*Work instruction*:
Give an unaltered copy of the listing below, minus its pictures.

*Supplied data*:

----------

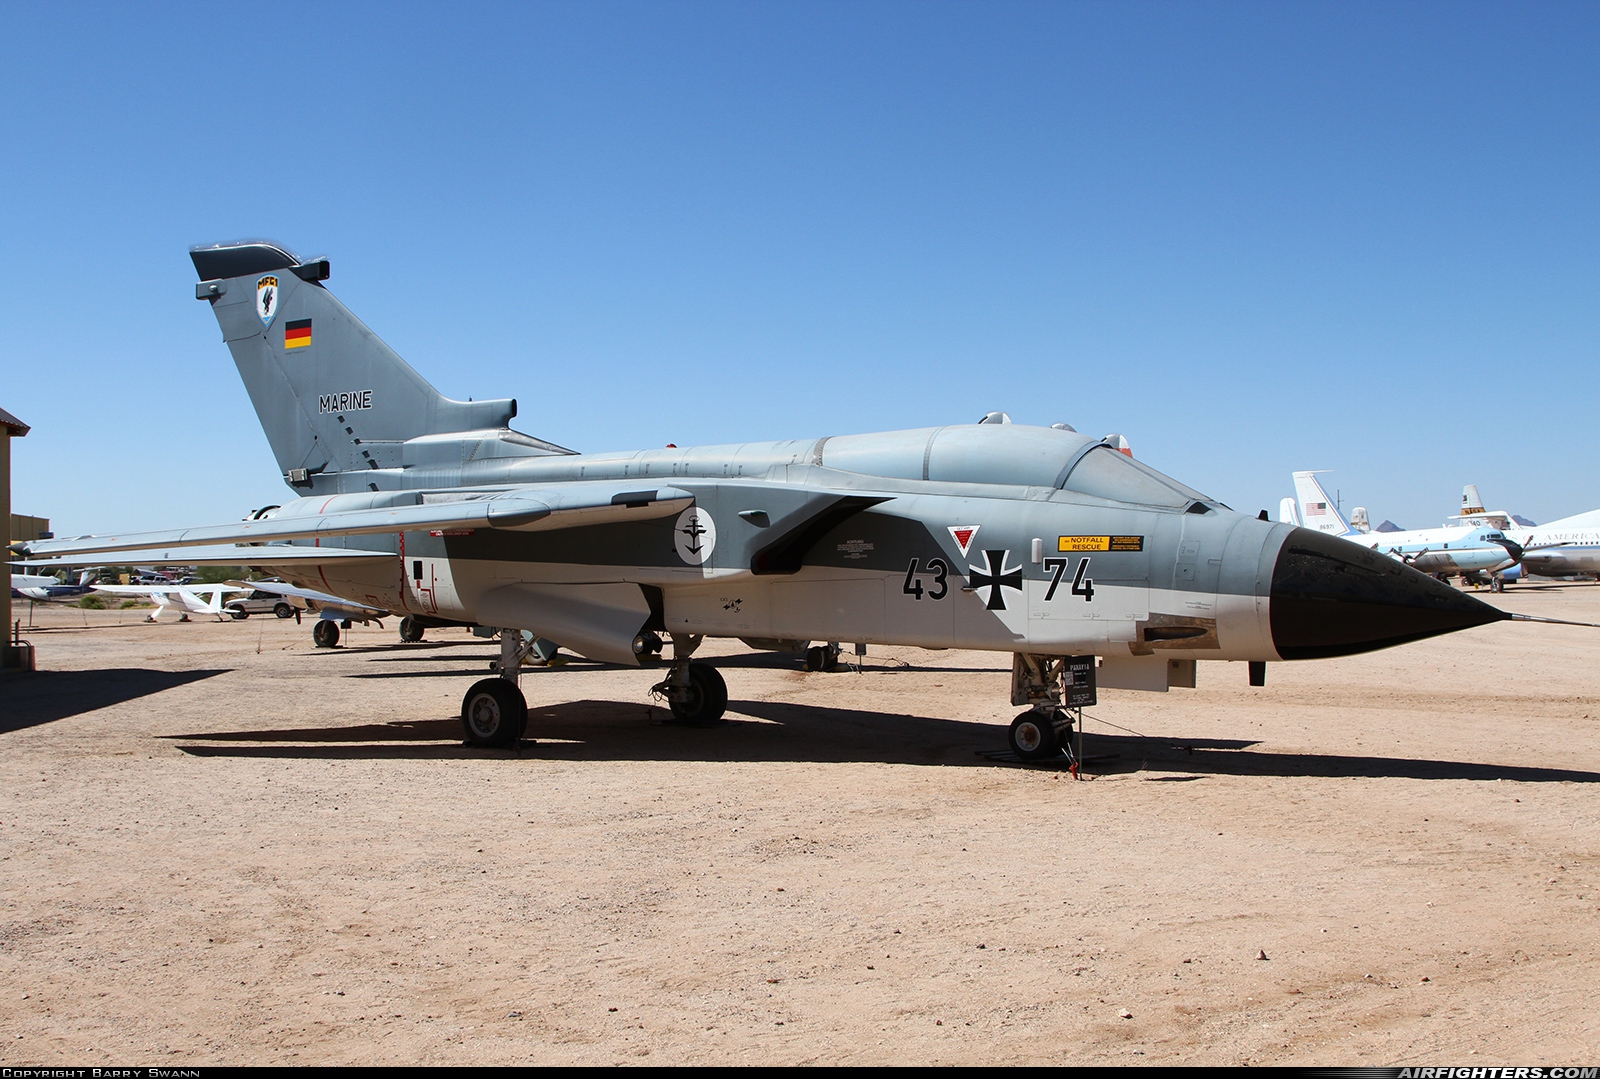 Germany - Navy Panavia Tornado IDS 43+74 at Tucson - Pima Air and Space Museum, USA
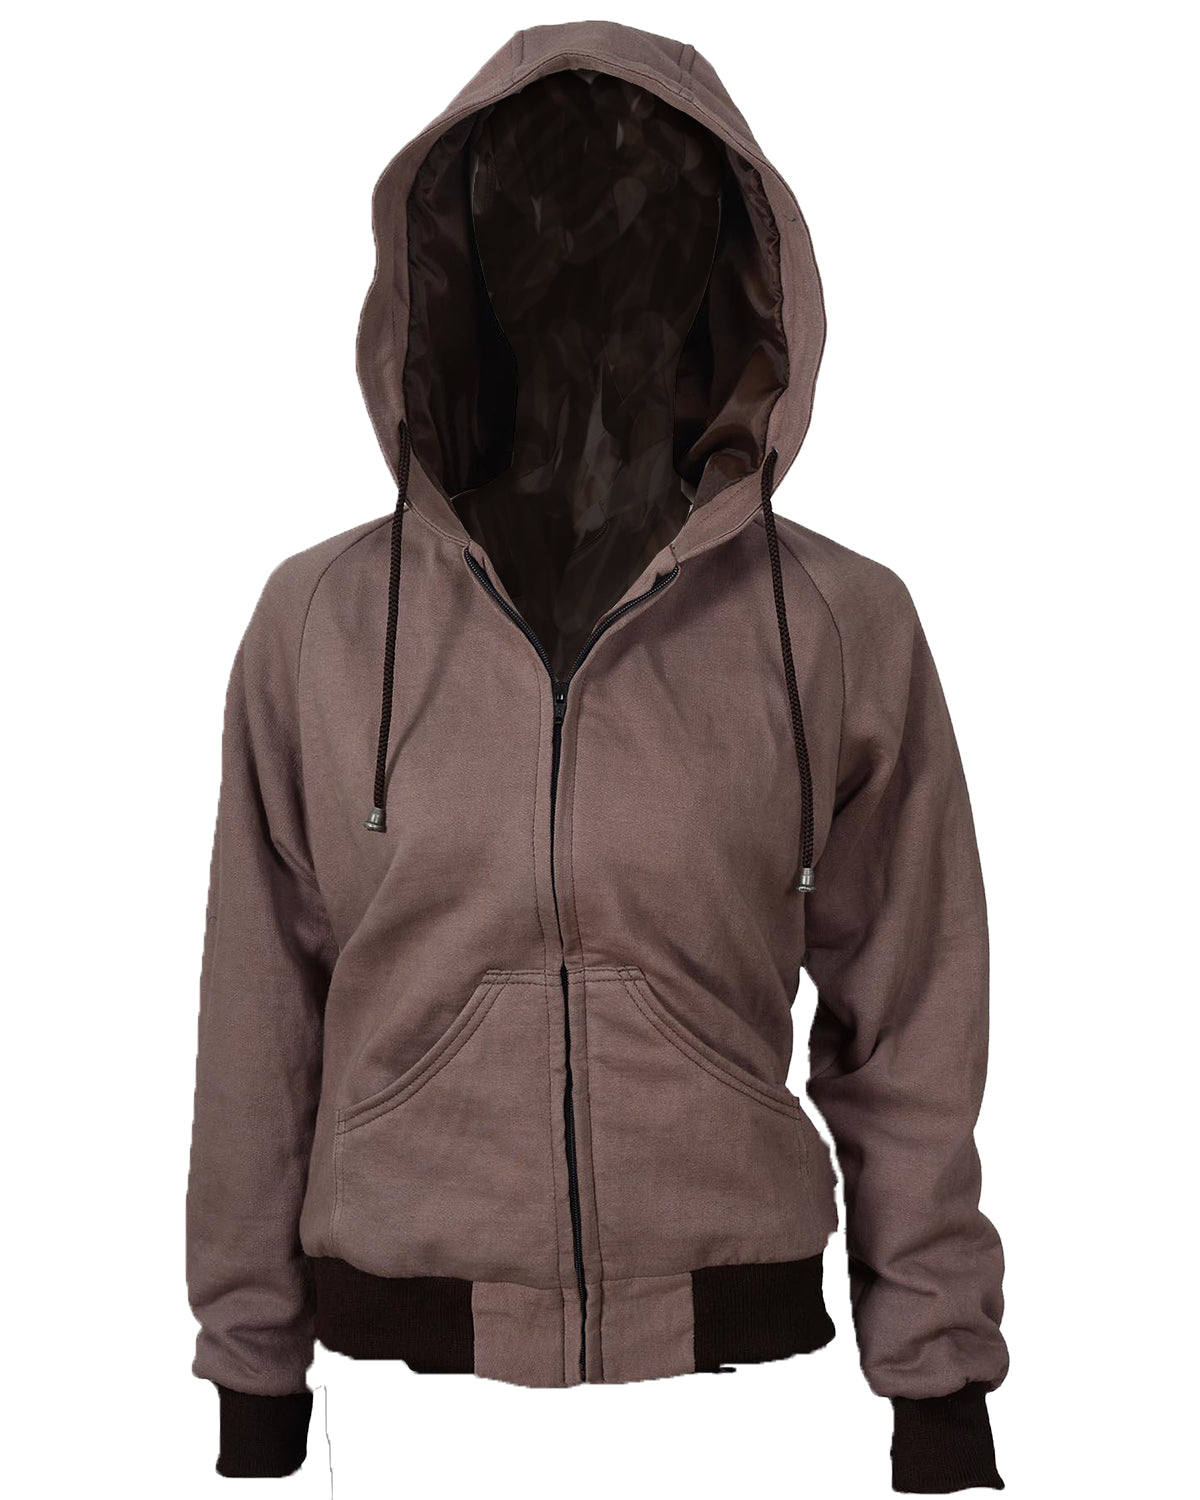 Kelsey Chow Yellowstone Hoodie Jacket | Elite Collection
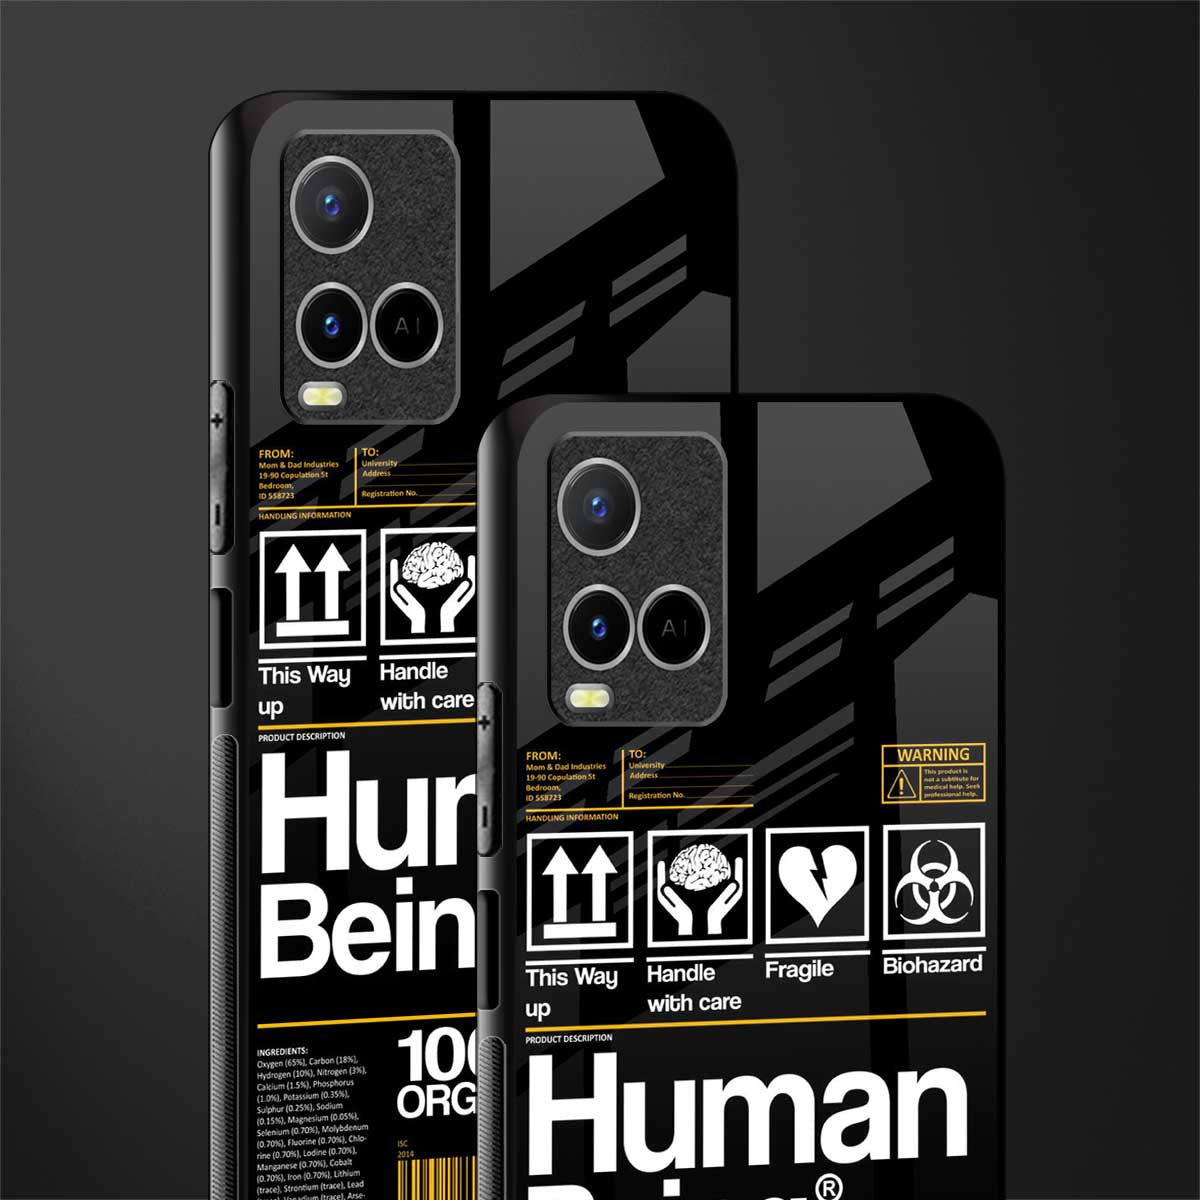 human being label phone cover for vivo y21s

----------

*Final answer*:
 Germany - Navy Panavia Tornado IDS 43+74 at Tucson - Pima Air and Space Museum, USA
 Kelsey Chow Yellowstone Hoodie Jacket | Elite Collection
 human being label phone cover for vivo y21s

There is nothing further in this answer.